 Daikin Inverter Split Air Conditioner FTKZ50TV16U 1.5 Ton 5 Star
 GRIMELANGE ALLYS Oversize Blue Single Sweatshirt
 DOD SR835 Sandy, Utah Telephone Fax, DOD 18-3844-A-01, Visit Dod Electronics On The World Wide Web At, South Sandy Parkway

==

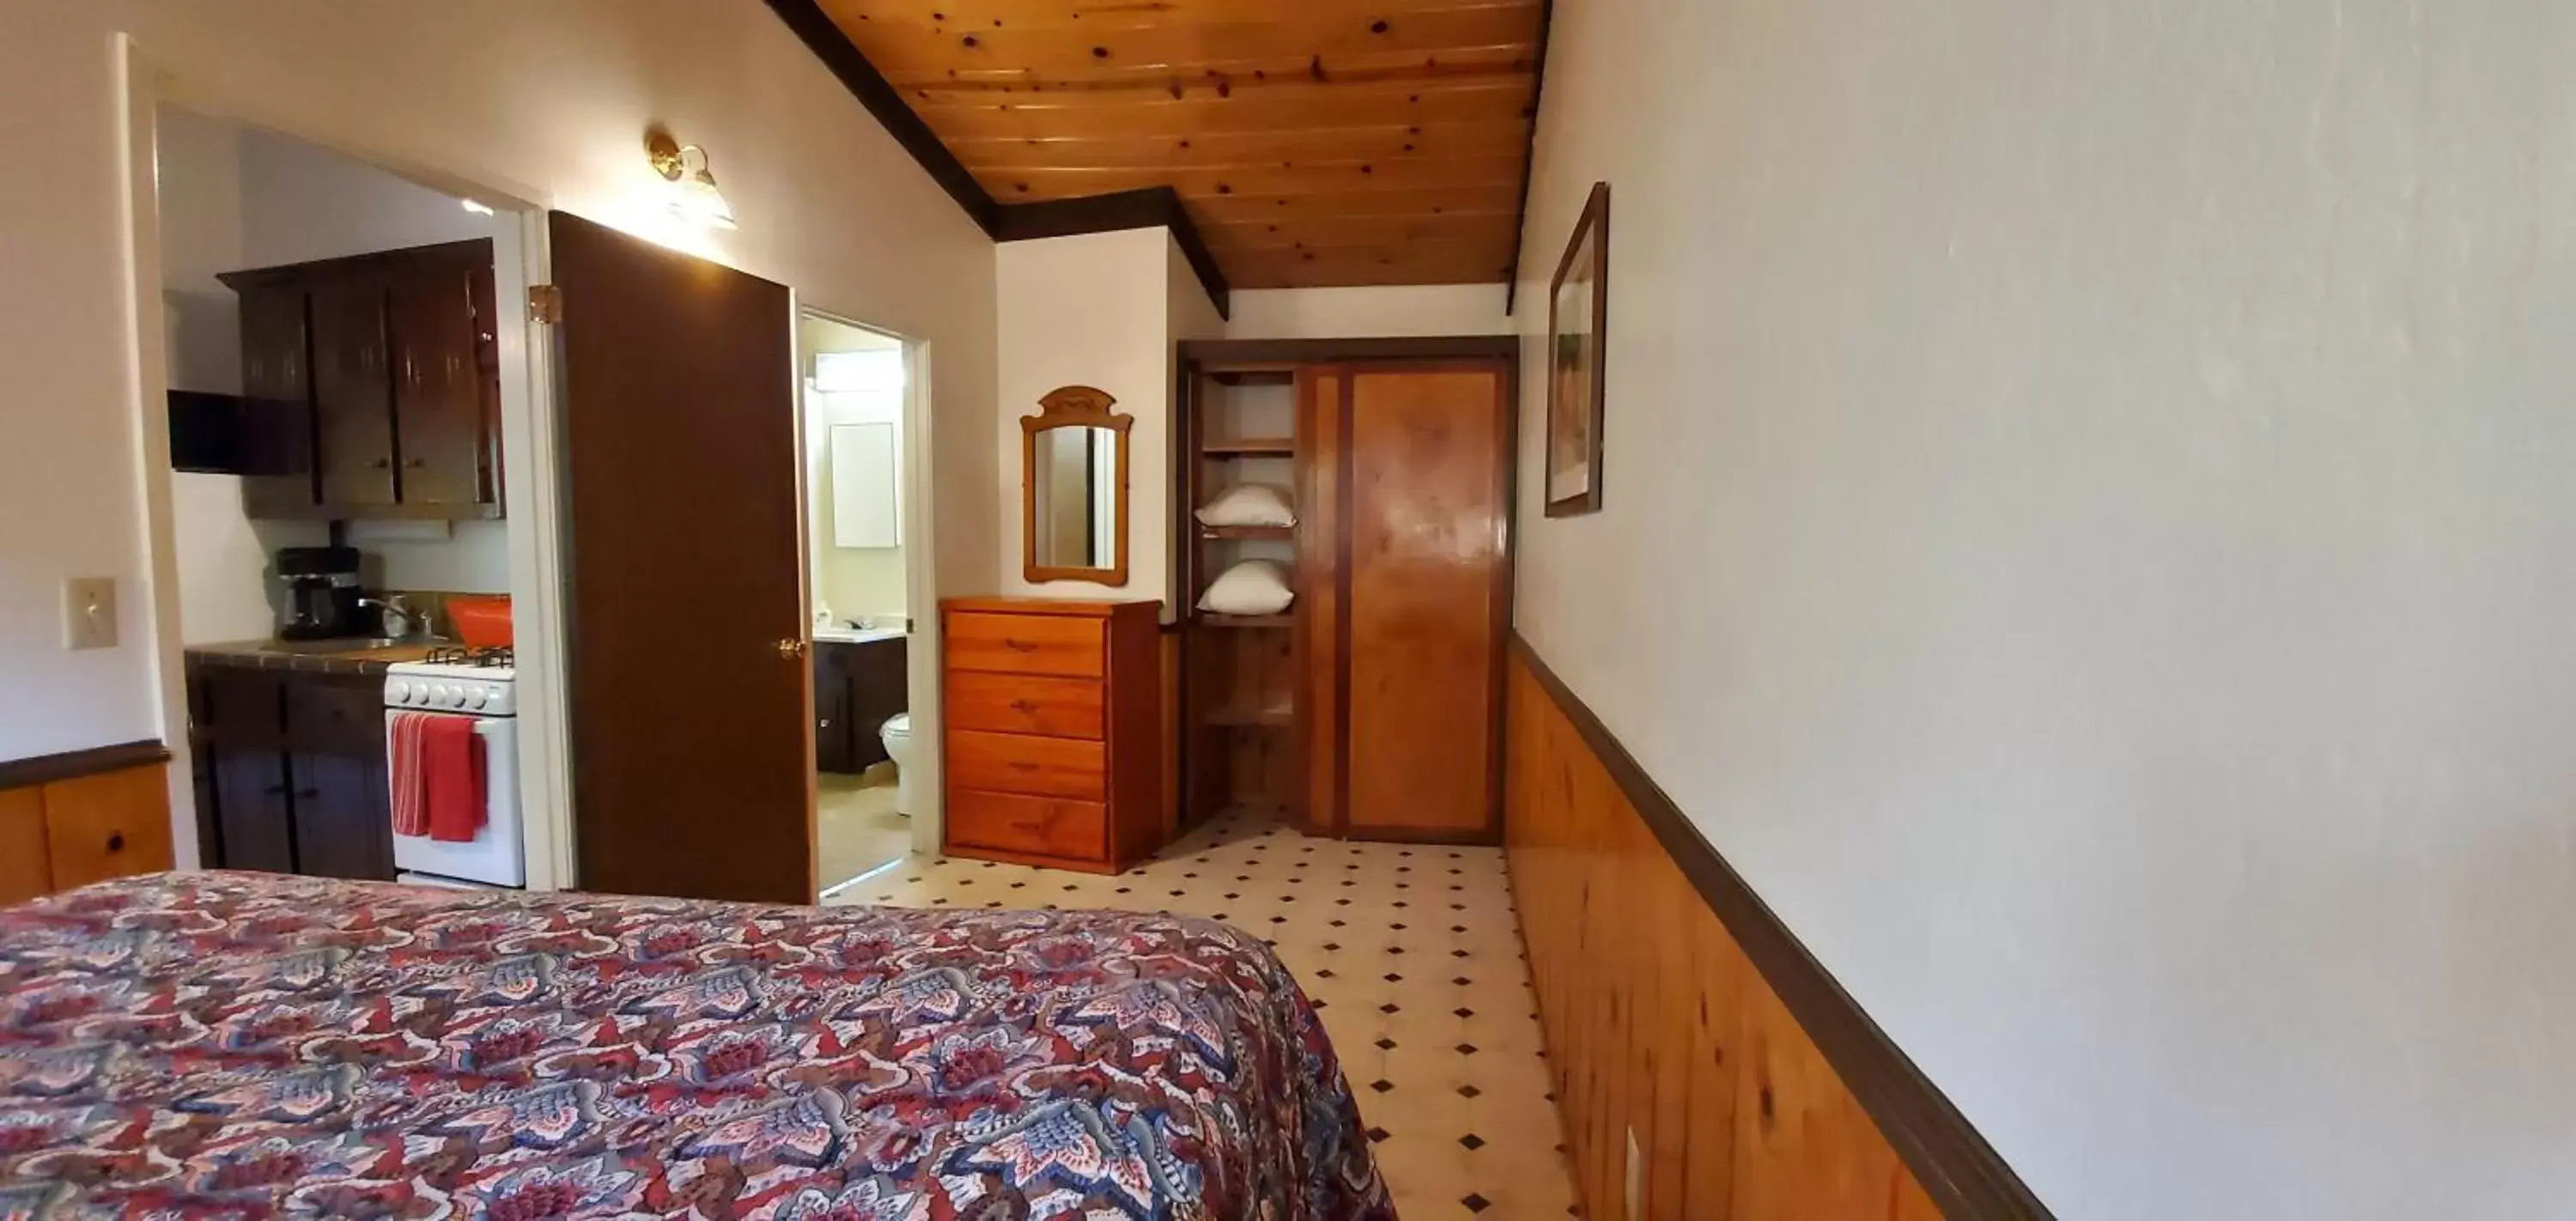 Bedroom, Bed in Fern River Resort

==

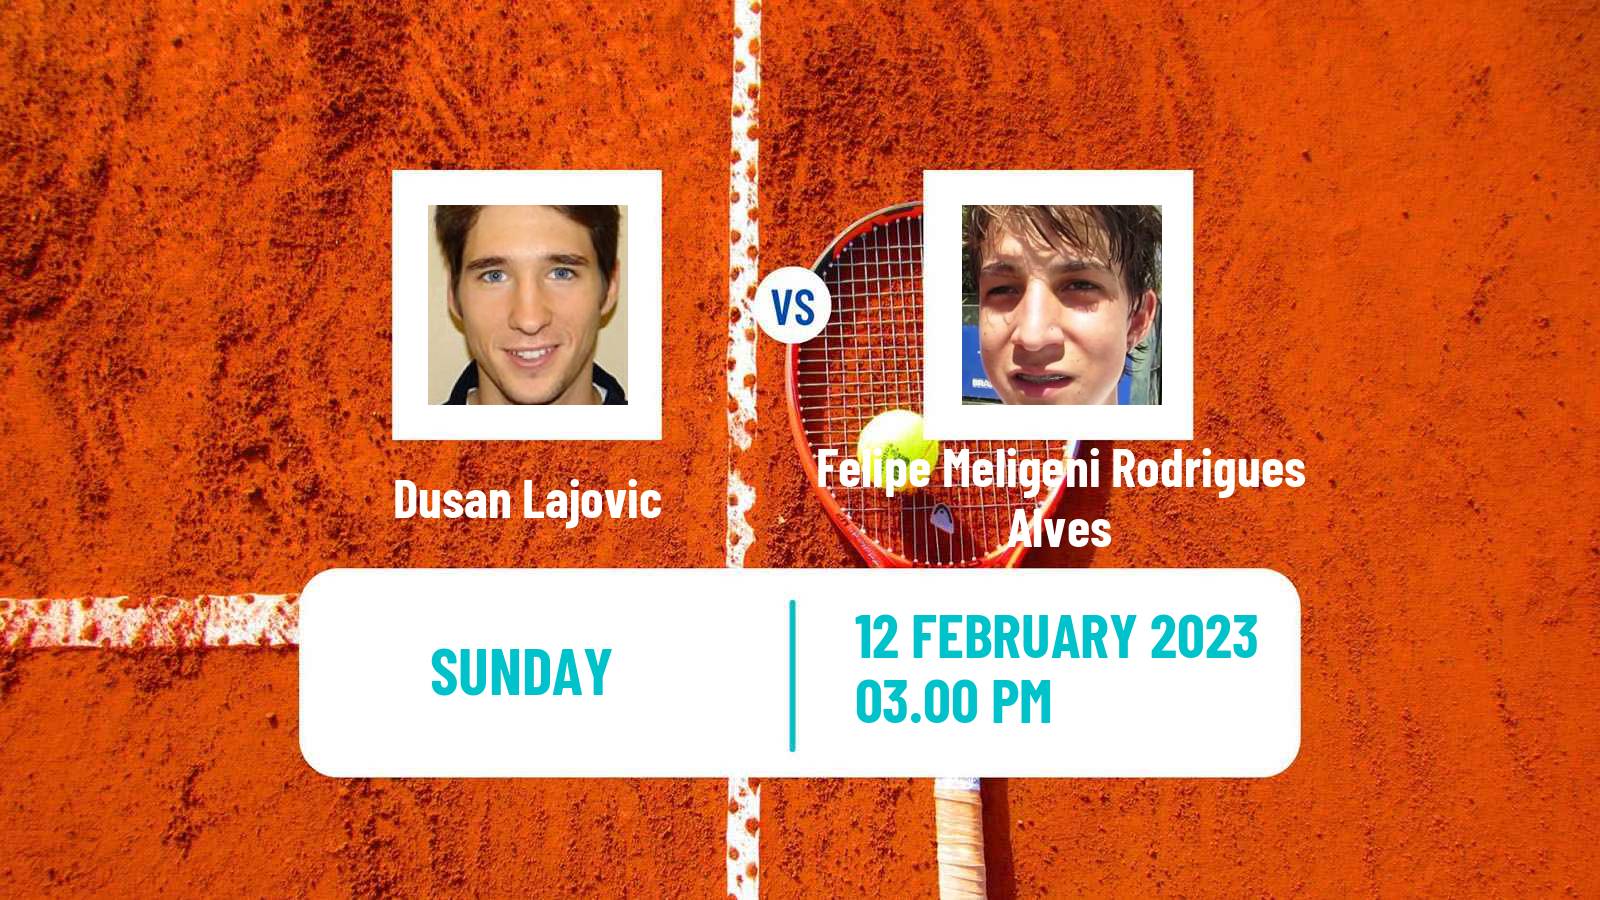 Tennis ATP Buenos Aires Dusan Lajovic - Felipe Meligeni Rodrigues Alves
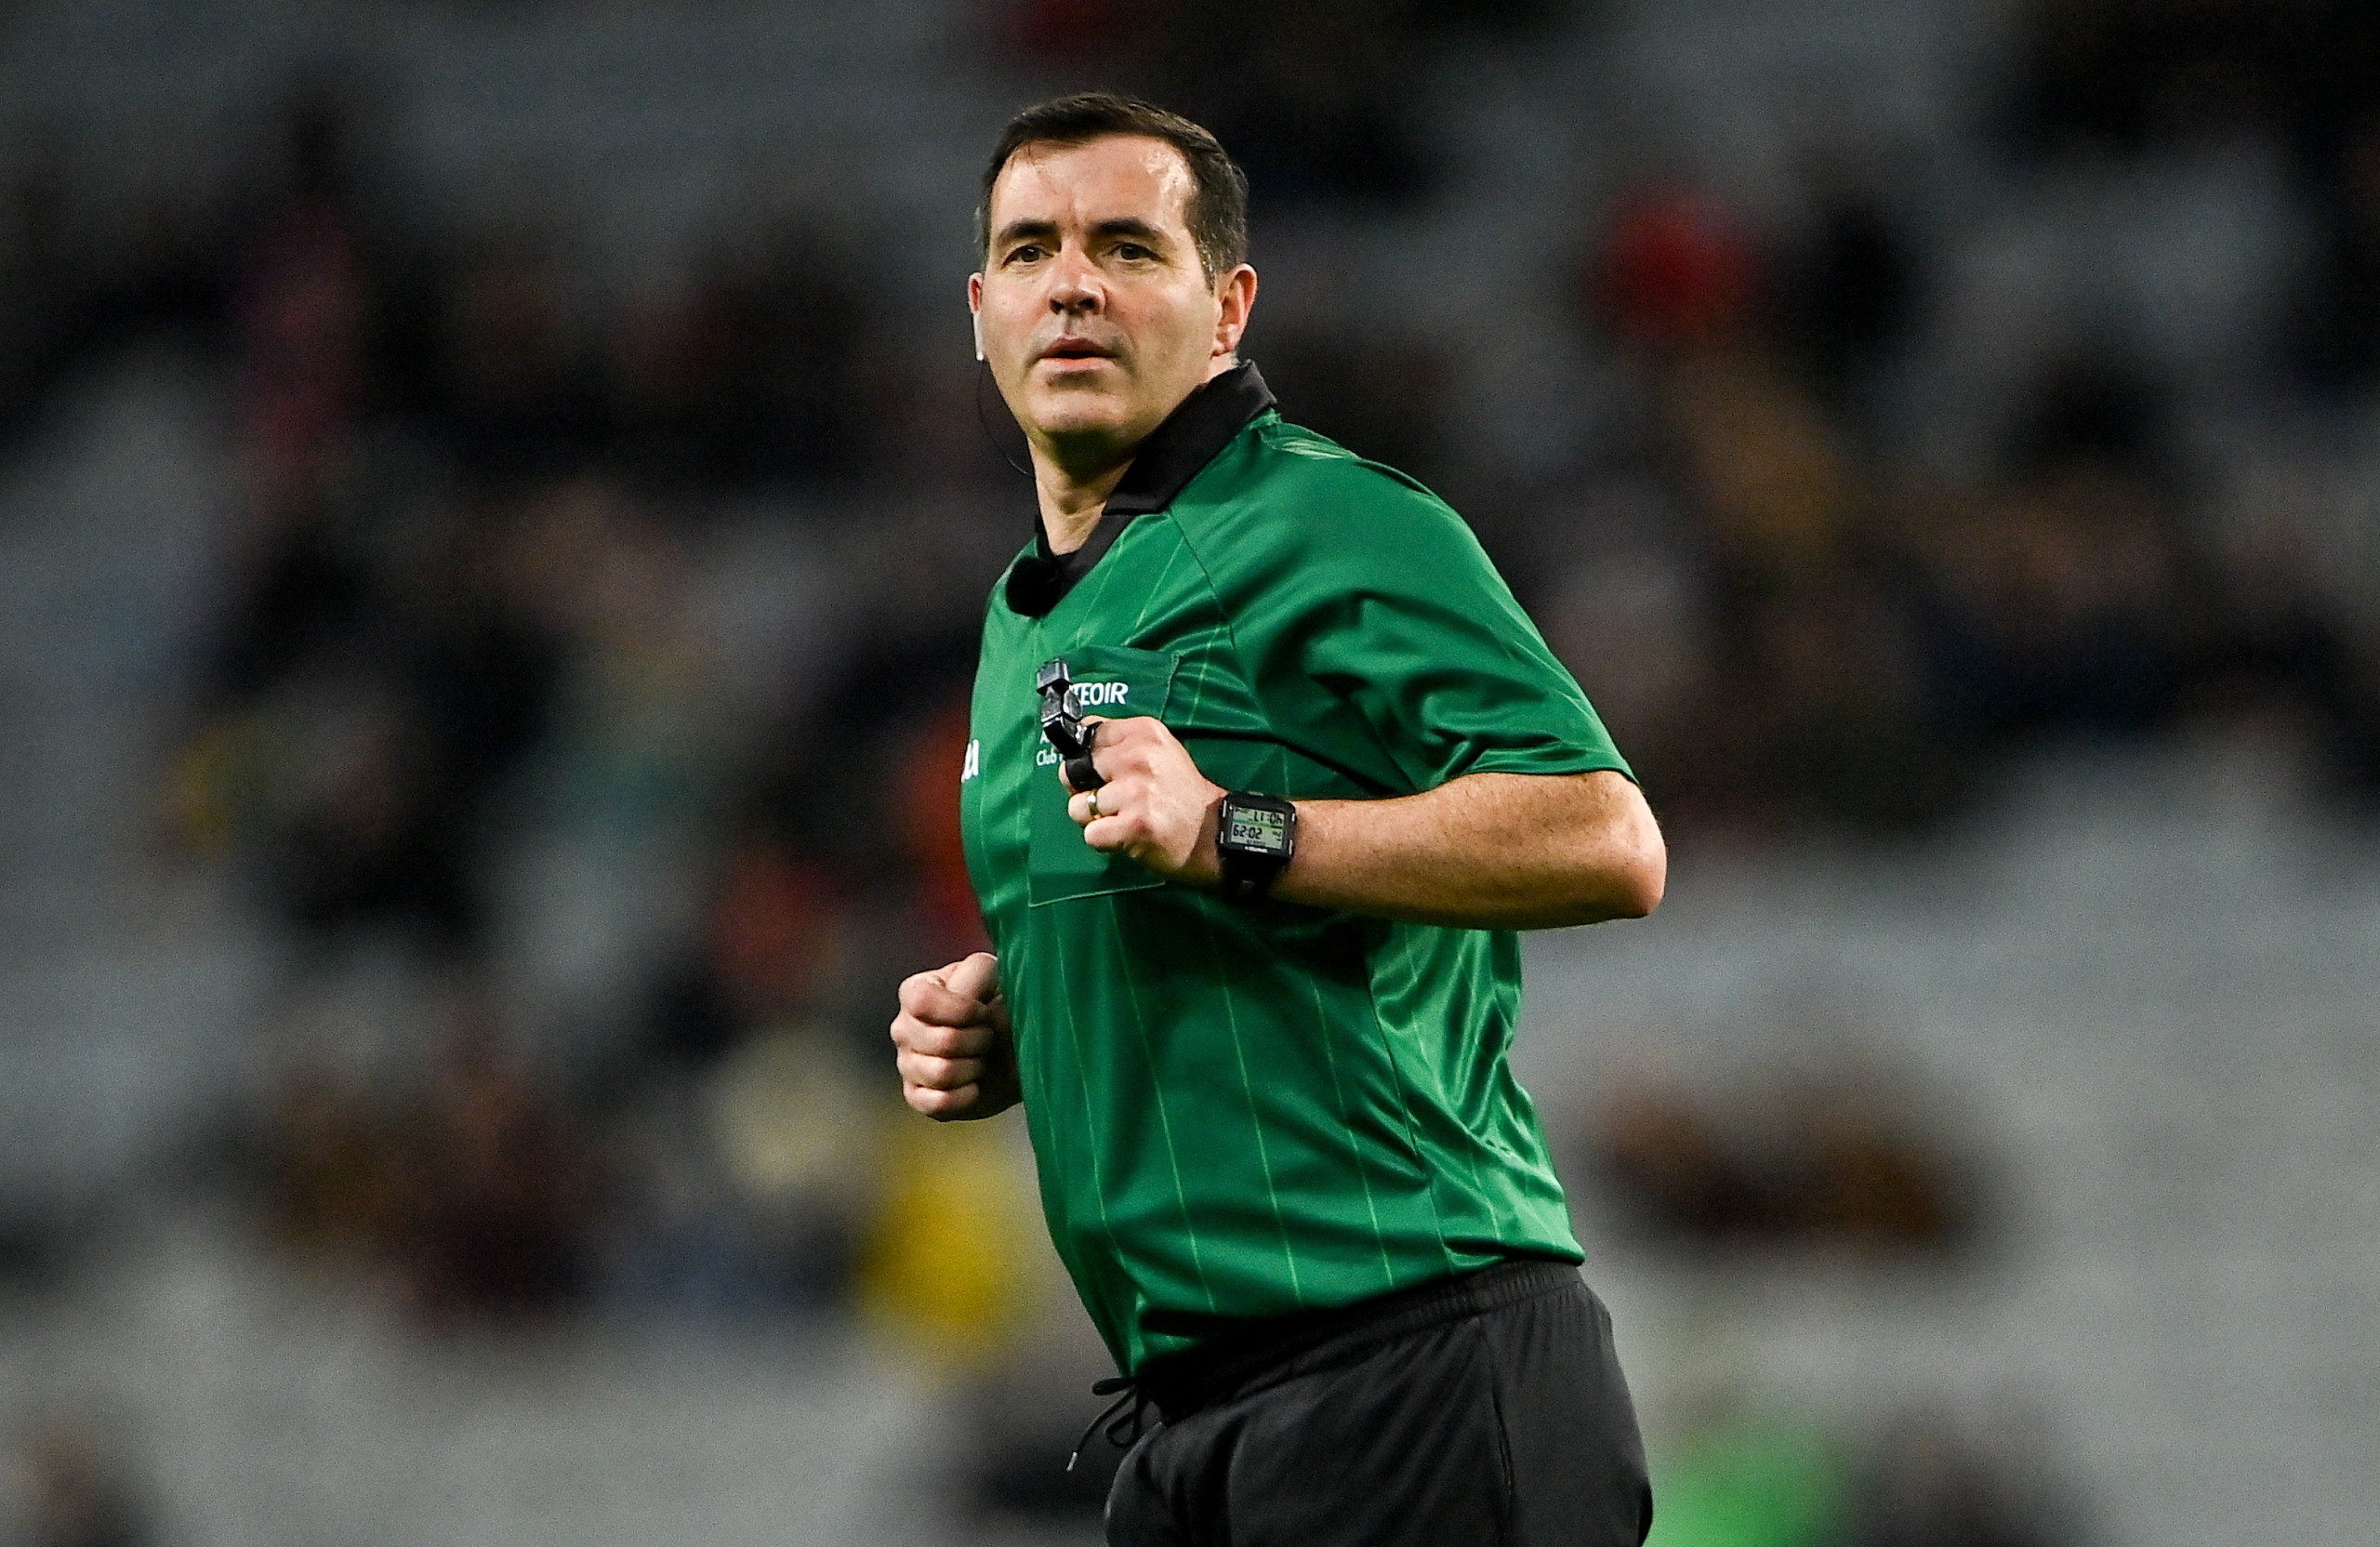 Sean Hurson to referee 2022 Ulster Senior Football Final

(Assignment): Look above for the line with "Tennis ATP Buenos"; quote it and every line after it, stopping after the line with "Sean Hurson to", exactly, with nothing added and without pictures.

(Response to the task):
 Tennis ATP Buenos Aires Dusan Lajovic - Felipe Meligeni Rodrigues Alves
 Sean Hurson to referee 2022 Ulster Senior Football Final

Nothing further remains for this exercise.